-- Task goal --
In the entries that follow, find the line containing "90s Woodstock Ringer"; from there, copy every line exactly through the line containing "Repair Something - Day".

-- Record excerpts --

================

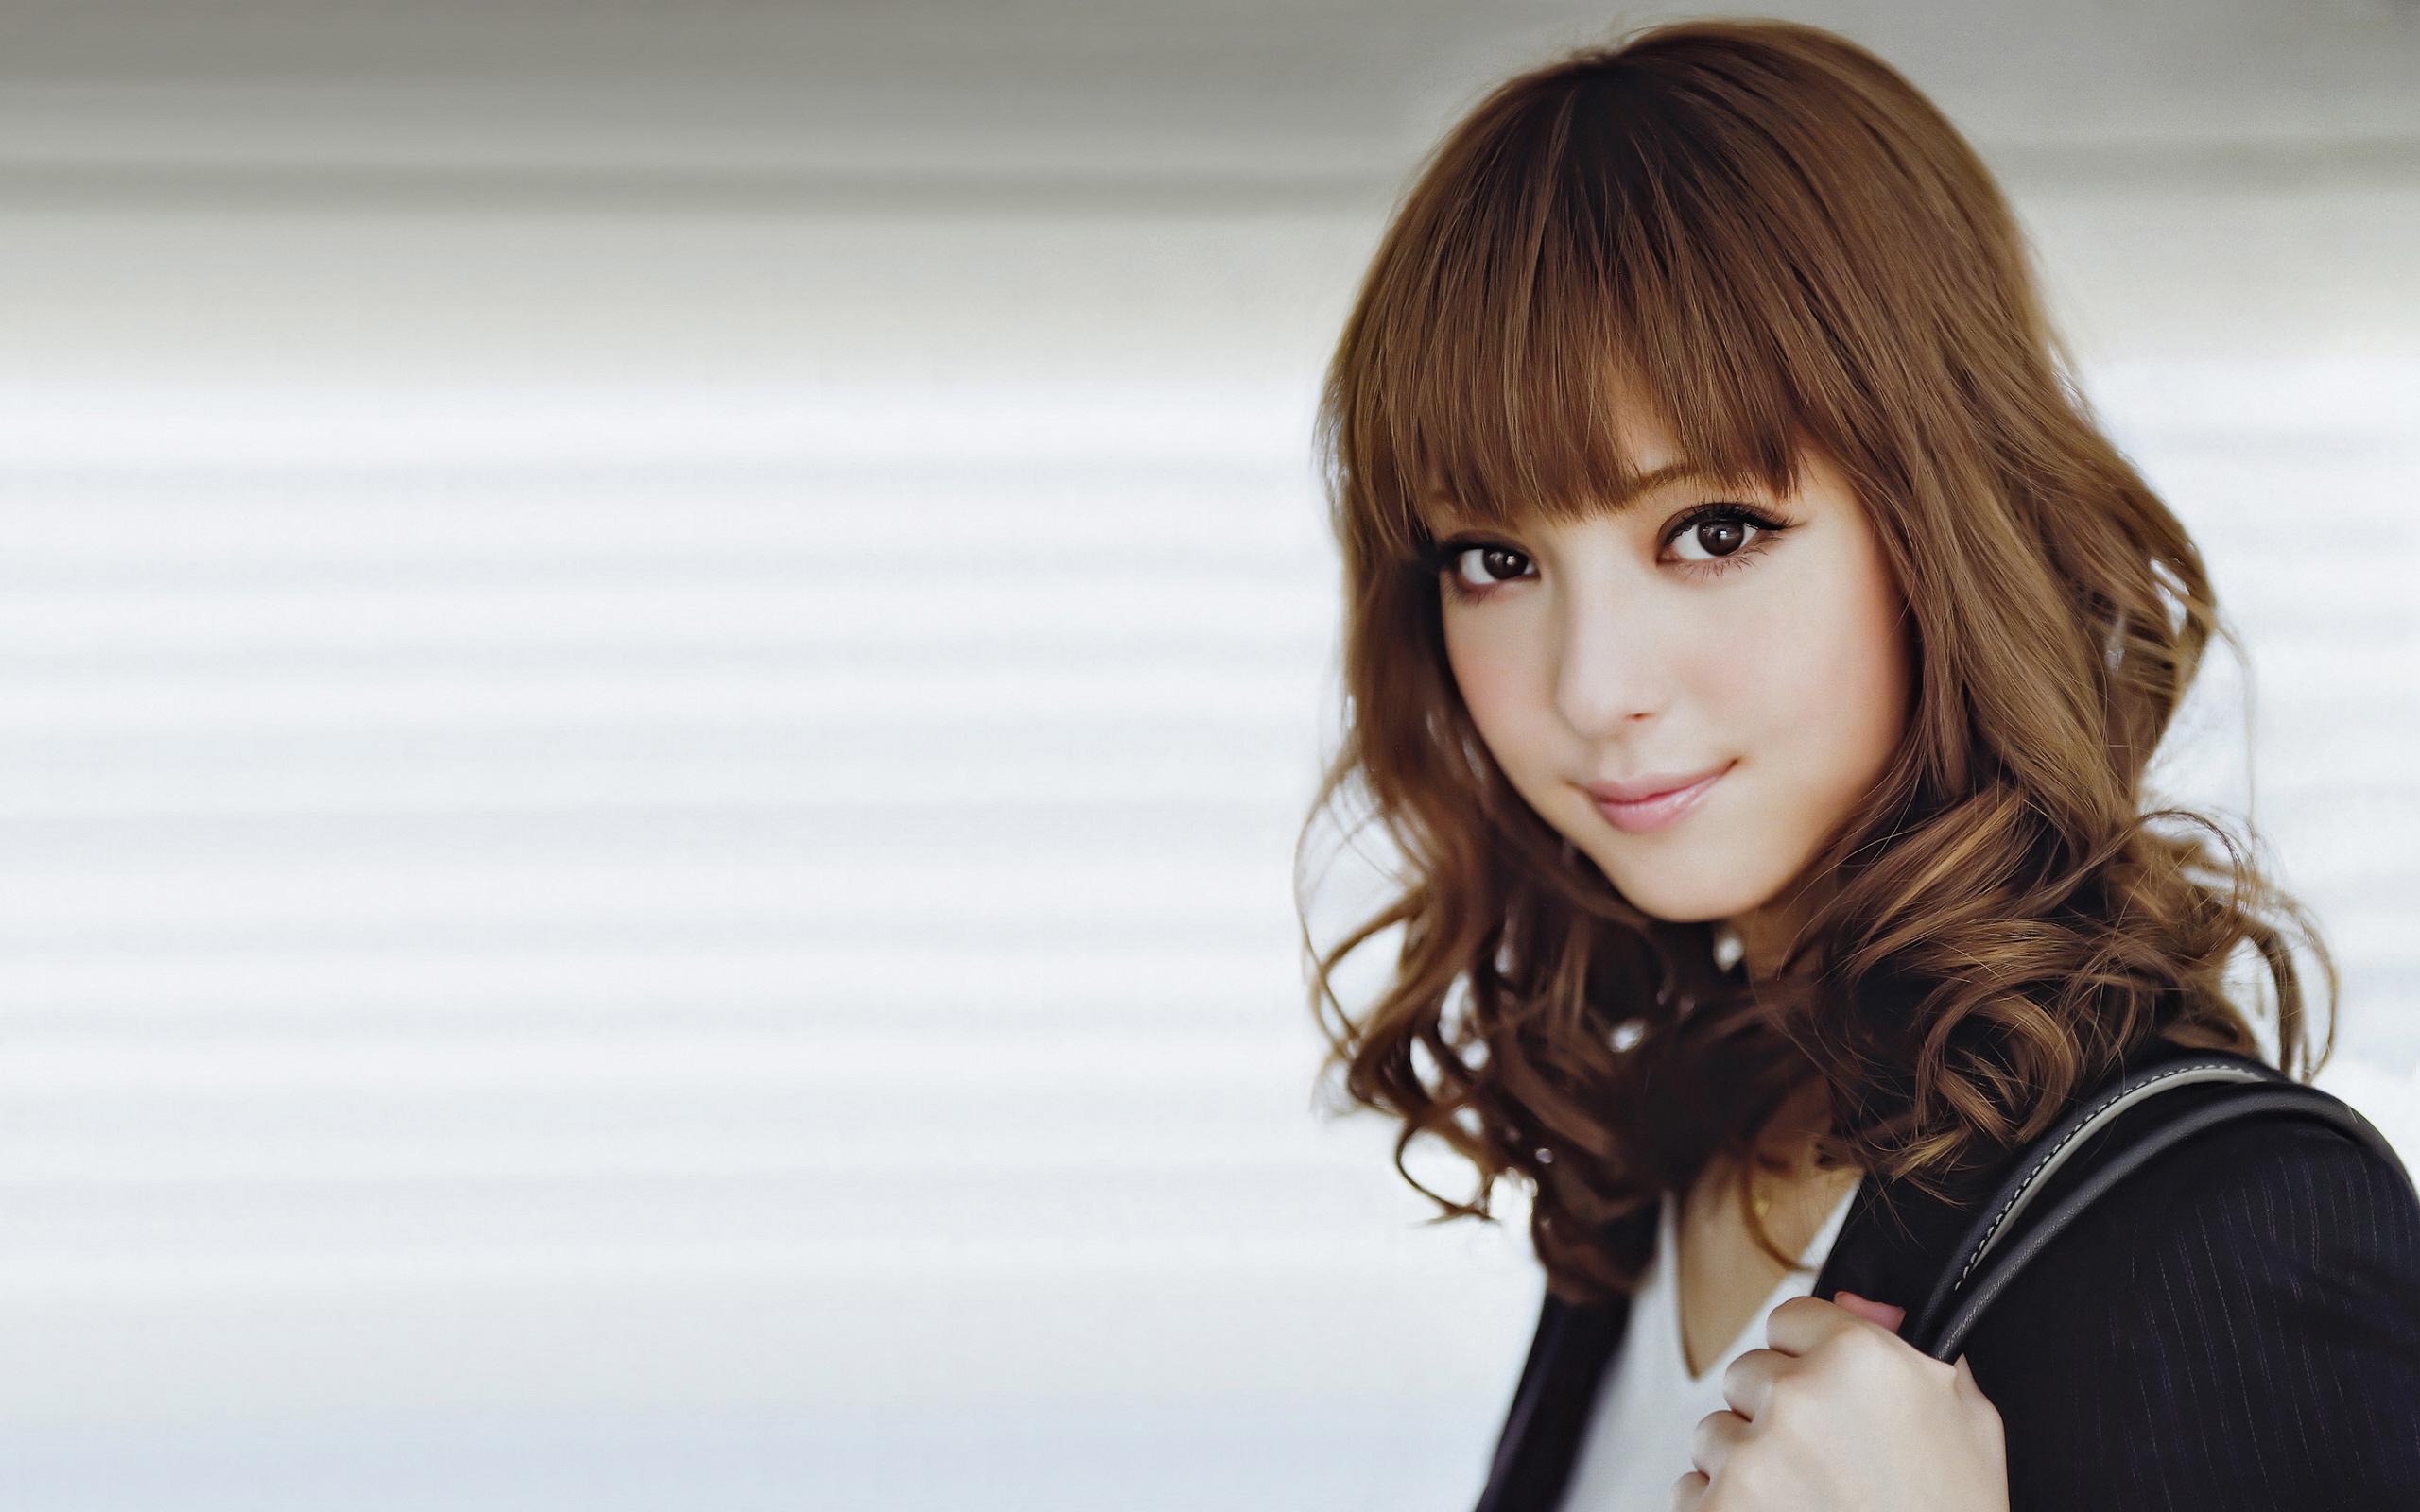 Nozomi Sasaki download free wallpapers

================

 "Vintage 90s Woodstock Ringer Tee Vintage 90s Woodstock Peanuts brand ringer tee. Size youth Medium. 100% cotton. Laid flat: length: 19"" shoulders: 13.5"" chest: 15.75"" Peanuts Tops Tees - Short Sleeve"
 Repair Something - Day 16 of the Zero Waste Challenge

================

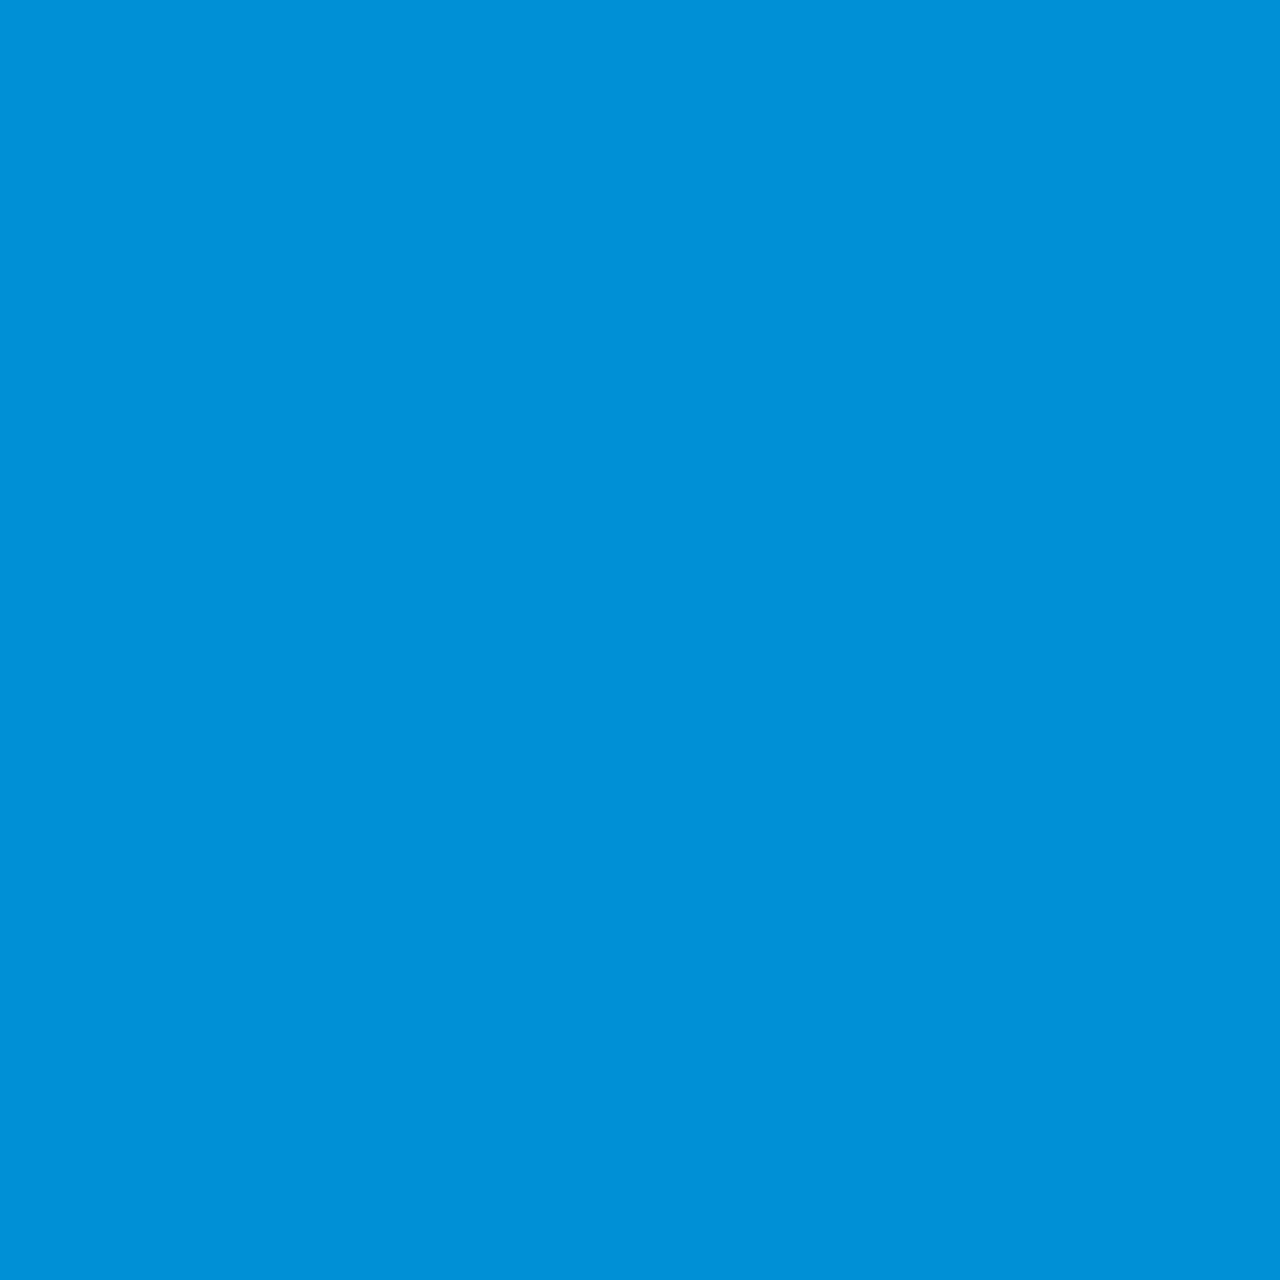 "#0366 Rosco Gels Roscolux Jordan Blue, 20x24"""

================

-- The completed task --
 "Vintage 90s Woodstock Ringer Tee Vintage 90s Woodstock Peanuts brand ringer tee. Size youth Medium. 100% cotton. Laid flat: length: 19"" shoulders: 13.5"" chest: 15.75"" Peanuts Tops Tees - Short Sleeve"
 Repair Something - Day 16 of the Zero Waste Challenge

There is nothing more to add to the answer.